Anywhere really. But bars are better than bars on the windows I suppose.





Quote:

Most of my dates have been coworkers - but I work from home and no coworkers now, friends - but nobody available right now, or meetups - but meetups here are 95% men since Covet or other reasons, which is why I'm giving online a shot but want to know the dos and don'ts in advance so I don't give up like a lot of people.
There maybe other places besides bars, but I'm not sure where these places would be. Seattle is not really a social place or at least in my opinion. In fact, thousands of people from other states have written horrible things about Seattle LOL. It's mainly bars, coffee shops, meetups. Most people I know have house parties and go out after midnight for one drink since it can cost a fortune.
Thanks



Again generally its going to work better if you look better on paper for the app. Don't know if that's you. You can boost that somewhat if you remove the selfies and have someone take photos and for a target demographic for dress and context in a place where she would want to be. Generally women should smile into a the camera alone.
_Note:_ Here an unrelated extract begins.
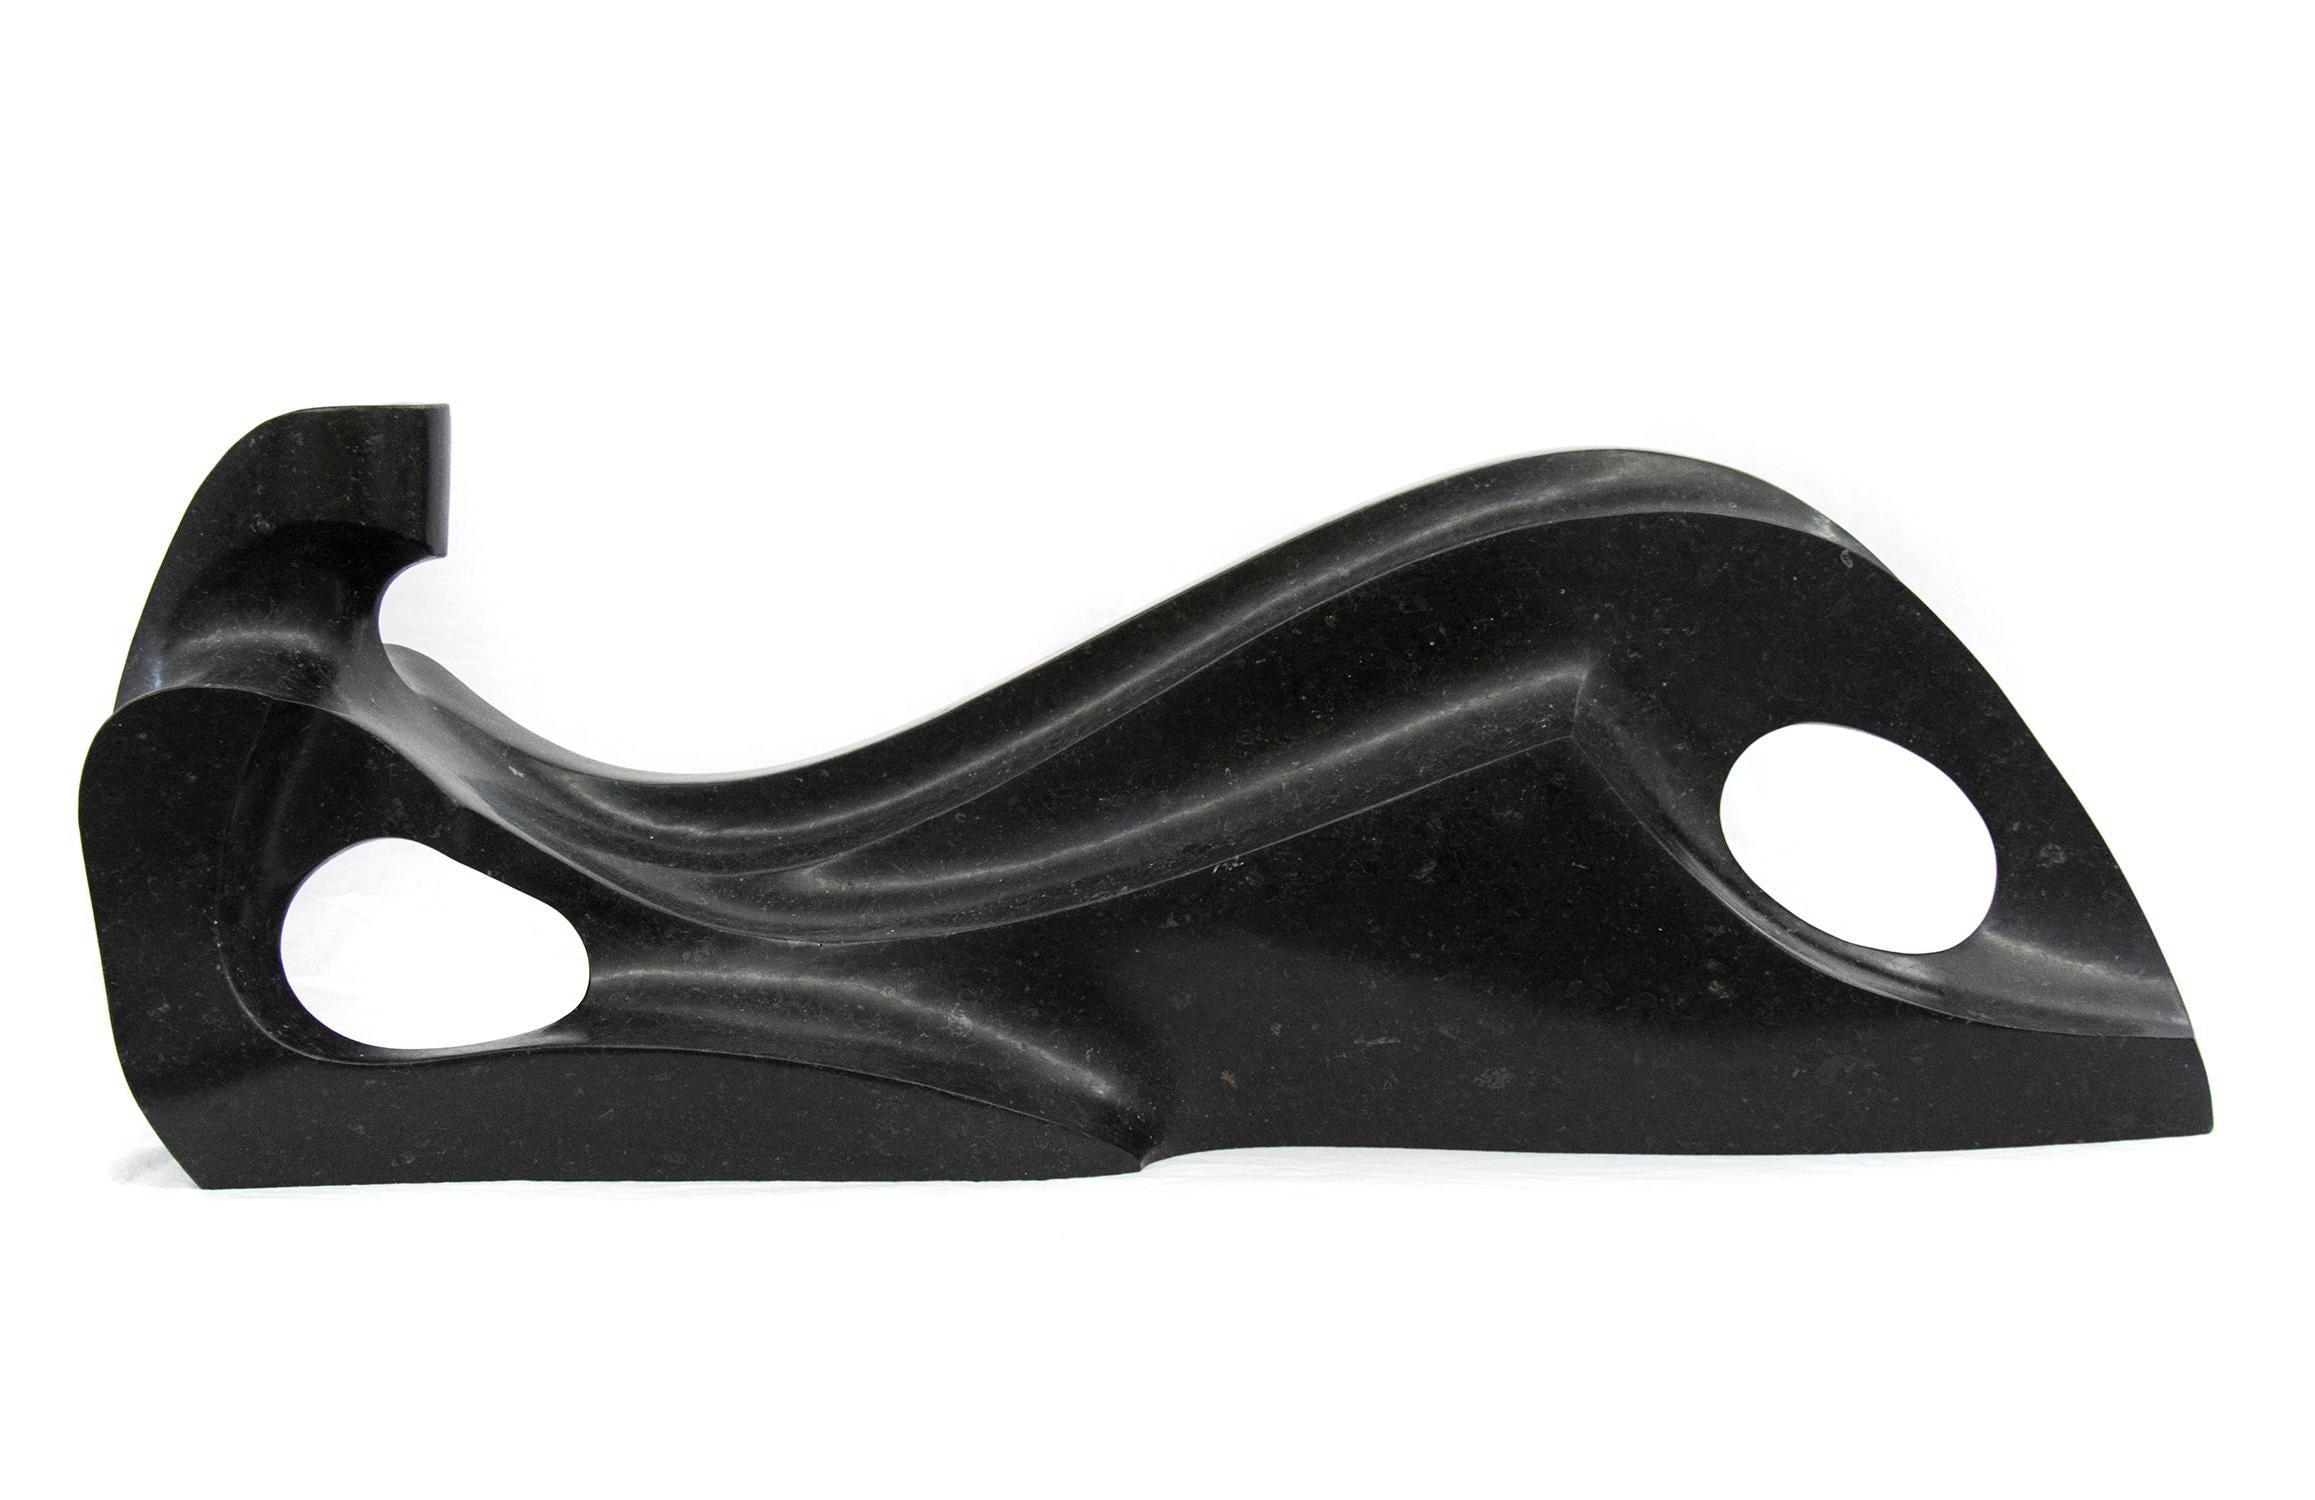 Celeste 2/50 - glatter, figurativer, konstruierter schwarzer Granit, Tischskulptur – Sculpture von Jeremy Guy

Men are best with photos of them looking at something, and fine with others in the background. Men like women interested in them and women like men with purpose etc.


Also just keep the profile simple and friendly. If you are a hot commodity on paper and photo you will go fast. if not , it will be more like scratching on a lotto IMHO. Hous parties are probably the same thing but in 3 dimensional terms. If you are charismatic and attractive in person you would go fast i would guess. if you go 3 times and talk to some people with nothing to show for it then the market has spoken for what you are seeking.



I did wholesale in the past so forgive me if I put it in these terms. Whenever I could buy a commodity below market prices the friction was very low to find buyers. However it needs to be advertised. If not then there is going to be a lot of friction and resources to find a buyer but you will be far more likely to actually sell it.



Seattle is close to wine county. Women like wine and you are near the Columbia Valley. That or something like that. Can't free up a Saturday? At least you will get out.



Kinda know what you mean though. I had jobs were more or less you would not see a girl. If you just went home for the week end like I did it was out of sight out of mind for me.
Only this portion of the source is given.